This article will address the issue of Lejaren Hiller, which has become a topic of great relevance today. For some years now, Lejaren Hiller has aroused great interest in different areas, being the subject of debate, analysis and reflection by experts and scholars. Its influence and impact on today's society has led to numerous studies, research and projects being dedicated to it in various fields, seeking to understand its multiple facets and effects. Therefore, this article aims to explore and delve into the different dimensions that surround Lejaren Hiller, in order to offer a broad and complete vision of this topic that is so relevant today.
Lejaren Arthur Hiller Jr. (February 23, 1924, New York City – January 26, 1994, Buffalo, New York)[1][2][3] was an American composer.
In 1957 he collaborated with Leonard Isaacson on his String Quartet No. 4, Illiac Suite,[3] the first significant use of a computer to compose music. In 1958 Hiller founded the Experimental Music Studios at the University of Illinois at Urbana-Champaign. His notable pupils included composers James Fulkerson, Larry Lake, Ilza Nogueira, David Rosenboom, Margaret Scoville, Michael Ranta, Elliott Sharp, Bernadette Speach and James Tenney. See: List of music students by teacher: G to J#Lejaren Hiller.
He was originally trained as a chemist, and worked as a research chemist for DuPont in Waynesboro, Virginia (1947–52). He developed the first reliable process for dyeing Orlon and coauthored a popular textbook.[4]
He played piano, oboe, clarinet, and saxophone as a child. He also studied composition with Roger Sessions and Milton Babbitt while earning his chemistry degree at Princeton University.[2] His father, Lejaren Hiller, Sr., was a well-known art photographer who specialized in historical tableaux.[citation needed]
He wrote an article on the Illiac Suite for Scientific American which garnered a lot of attention from the press, generating a storm of controversy.[5] The musical establishment was so hostile to this interloper scientist that both Baker's Biographical Dictionary of Musicians and the New Grove Dictionary of Music and Musicians refused to include him until shortly before his death.[citation needed]
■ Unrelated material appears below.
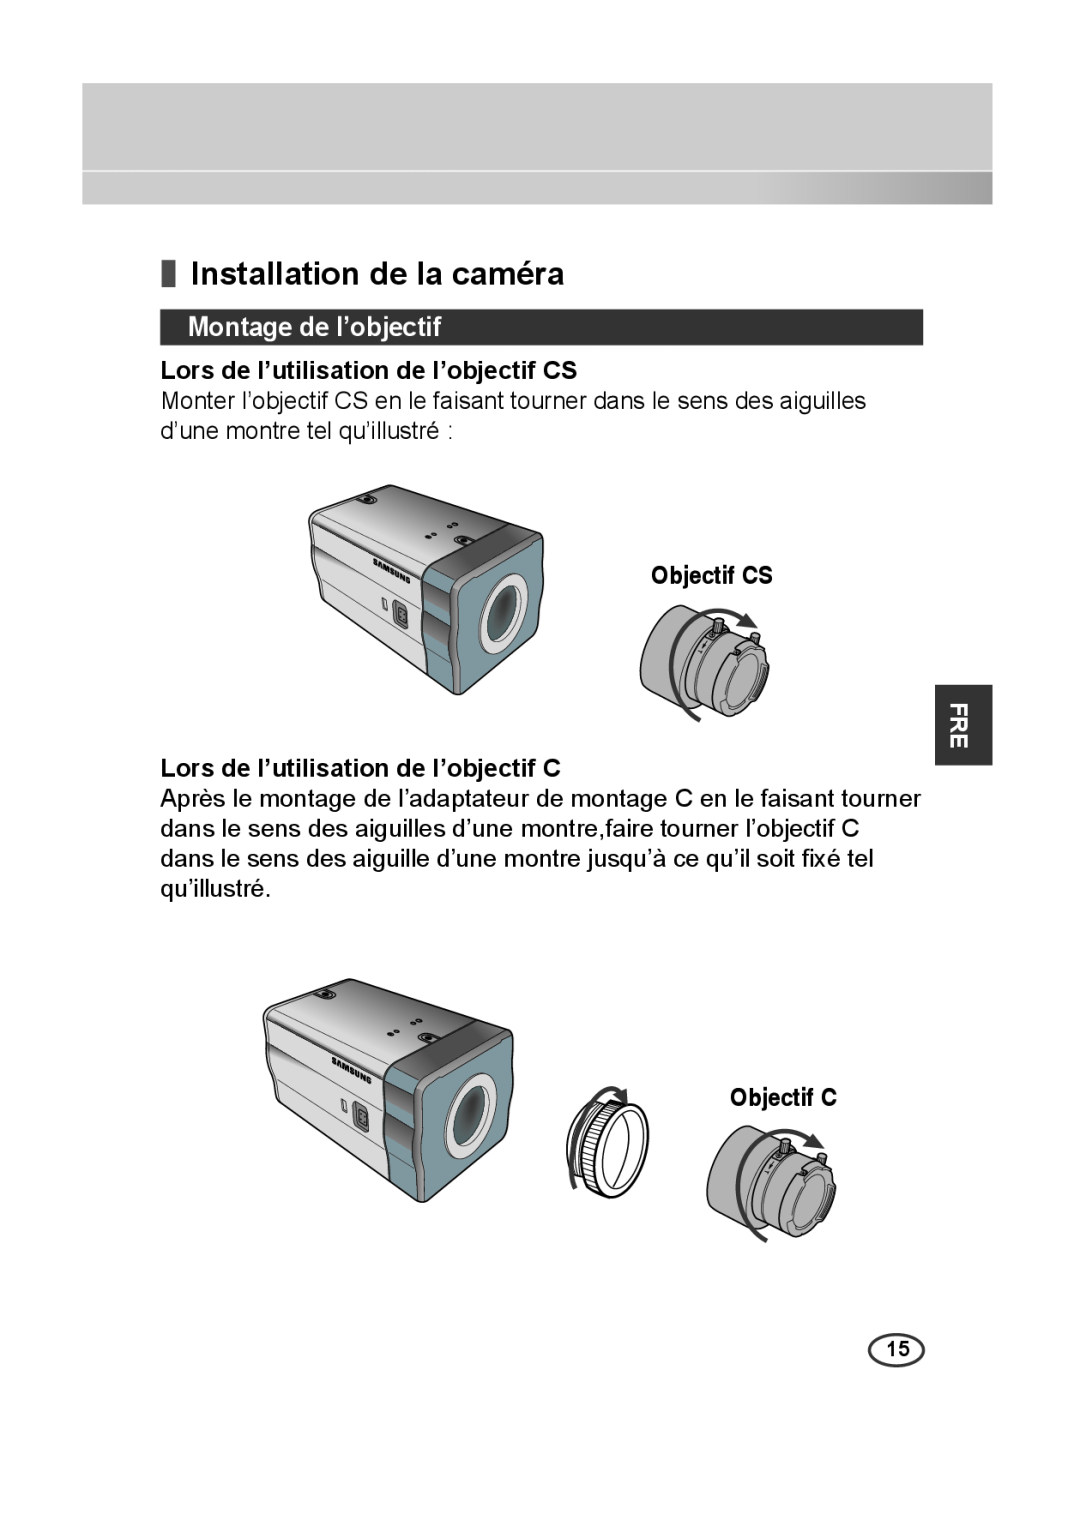 Samsung SCC-B2013P Installation de la caméra, Montage de l’objectif, Lors de l’utilisation de l’objectif CS, Objectif CS

A majority of Hiller's works after 1957 do not involve computers at all, but might include stochastic music, indeterminacy, serialism, Brahmsian traditionalism, jazz, performance art, folksong and counterpoint mixed together. He also collaborated with John Cage for HPSCHD.[1][2]
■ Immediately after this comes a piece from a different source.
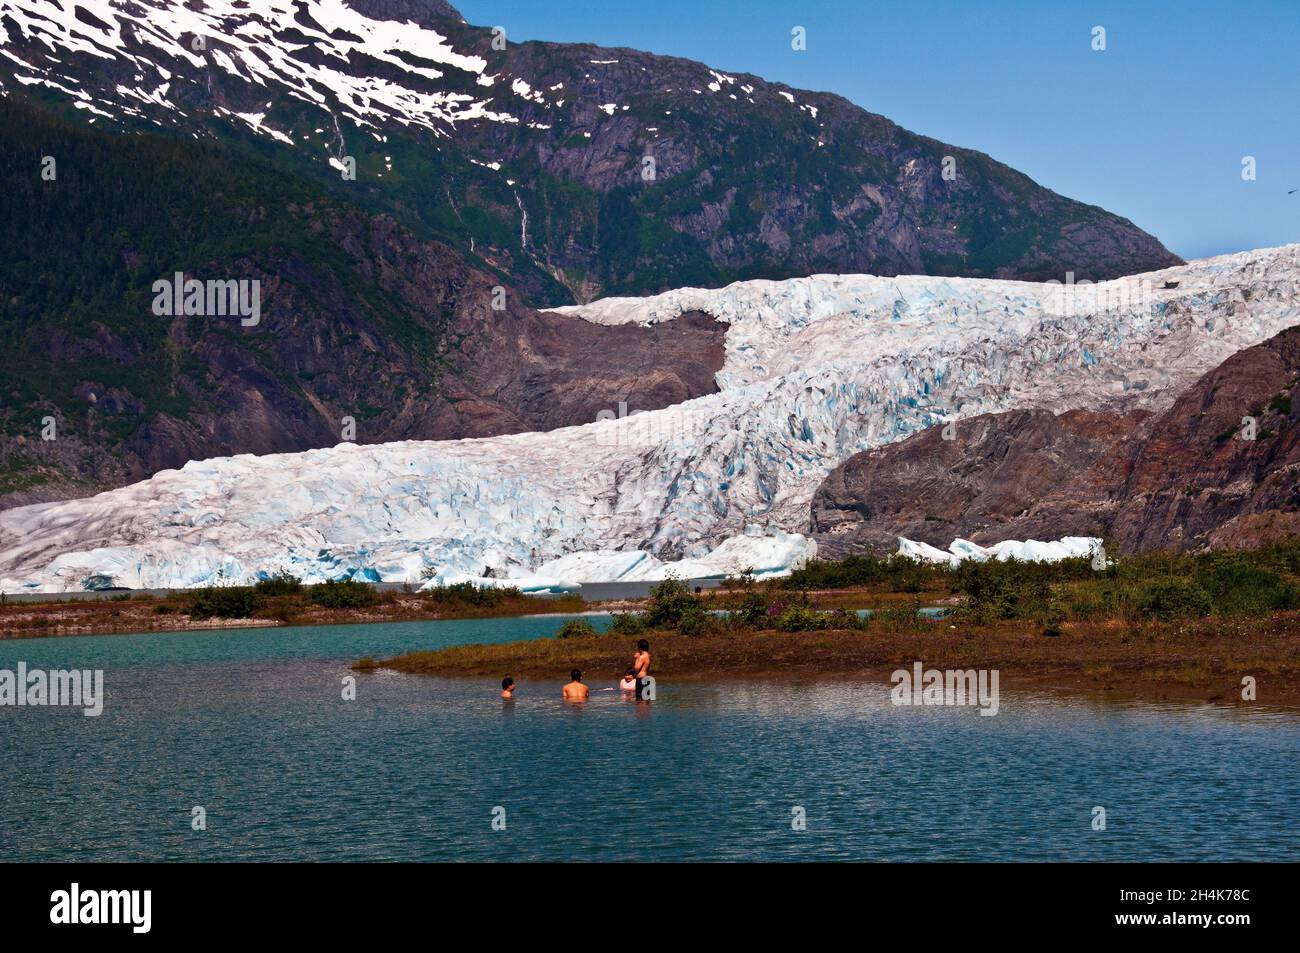 Quatre garçons nageant dans des eaux glacielles sous le glacier Mendenhall, Juneau, Alaska Banque D'Images

He created the MUSICOMP ("MUsic SImulator-Interpreter for COMpositional Procedures") programming language for music composition with Robert Baker in order to create their Computer Cantata (1963).[4][3] In 1968, he joined the faculty at University at Buffalo as Slee Professor of Composition, where he established the school's first computer music facility and co-directed with Lukas Foss at the Center of the Creative and Performing Arts. Illness forced him to retire in 1989.[1][2]